VOLUME 15 , ISSUE 1 ( January-February, 2023 ) > List of Articles
K Mamatha, Neelamma Girish Patil, Pratyusha Karukola
Keywords : Cavitated uterine mass, Congenital anomalies irregular menstrual cycles, Irregular menstruation, Perimenopausal age group
Citation Information : Mamatha K, Patil NG, Karukola P. Accessory and Cavitated Uterine Mass in a Perimenopausal Female. J South Asian Feder Obs Gynae 2023; 15 (1):134-136.
DOI: 10.5005/jp-journals-10006-2182
License: CC BY-NC 4.0
Published Online: 19-04-2023
Copyright Statement: Copyright © 2023; The Author(s).

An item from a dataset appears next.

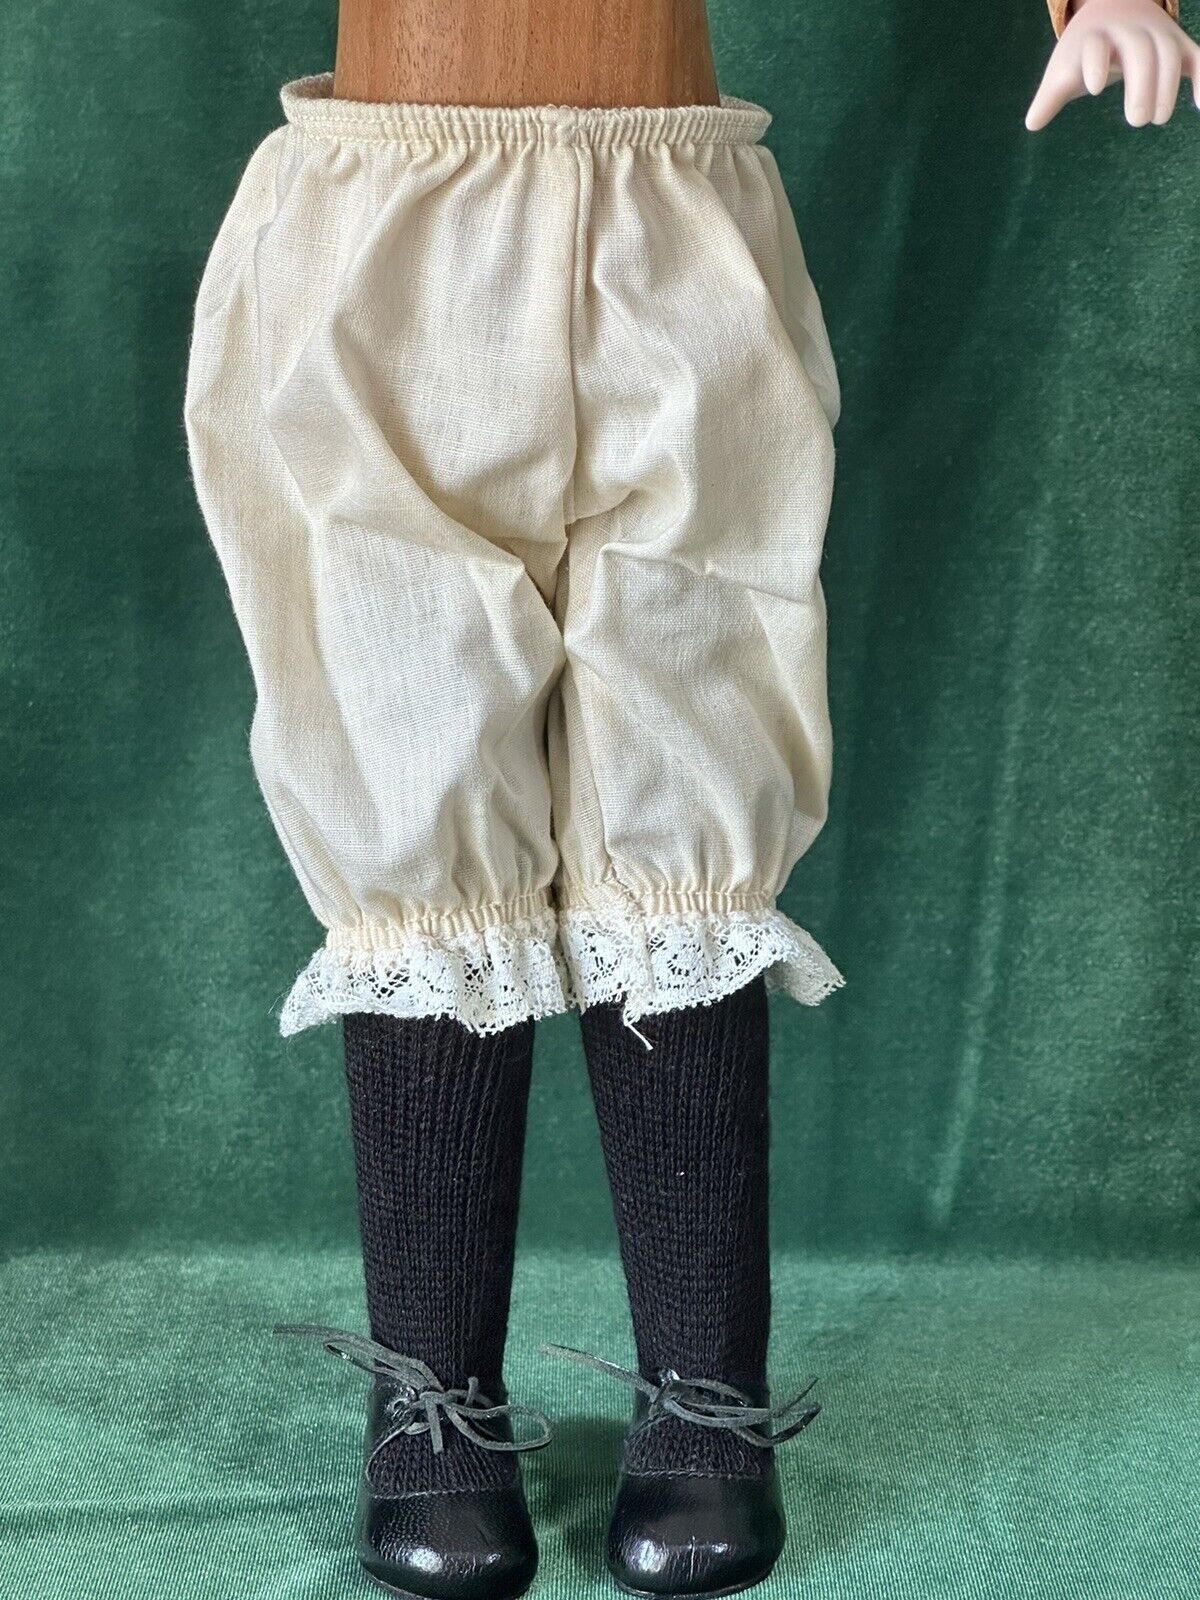 MIB Wendy Lawton “At Aunty’s House” Wooden Jointed/Porcelain 16” Doll LE 350

Background: An accessory and cavitated uterine mass (ACUM) is a rare congenital Mullerian anomaly where an accessory cavity with endometrial lining lies attached to the normal functioning uterus. It is located at the level of the insertion of the round ligament. It occurs due to Mullerian duct tissue's duplication or persistence, which originated from gubernaculum dysfunction, leading to accessory uterine tissue formation. It is common among young and nulliparous women presenting severe dysmenorrhea and infertility. It is mostly seen in women below 30 years of age. Rudimentary and uterine horns and degenerating fibroids are the possible differential diagnoses. Case description: A 45-year-old female presented with complaints of pain abdomen and irregular menstrual cycles for 2 months. On magnetic resonance imaging (MRI), a well-defined cystic lesion was seen in the left ovary measuring 54 mm × 40 mm × 36 mm, which was suggestive of a left ovarian benign cystic lesion – hemorrhagic cyst. On Pelvic ultrasound, a complex cyst of 74 mm × 52 mm with a hyperechoic area of 36 x 31 mm suggests a left ovarian tumor. The patient belonged to the perimenopausal age group and completed the family, so a total abdominal hysterectomy with bilateral salpingo–oophorectomy was done and sent for histopathological examination. Conclusion: Transvaginal ultrasonography (TUV) and MRI aid in diagnosis. Early surgical treatment of the accessory cavitary mass is recommended treatment in this case. Detailed histopathological examination is mandatory to meet the criteria for its complete diagnosis. Clinical significance: A rare congenital mullerian is a rare and challenging condition to diagnose. Especially when fertility is desired, a complete medical history, gynecological examination, and radiological analysis are necessary for a correct diagnosis. Laparoscopic excision of the ACUM can be performed in patients where fertility is desired.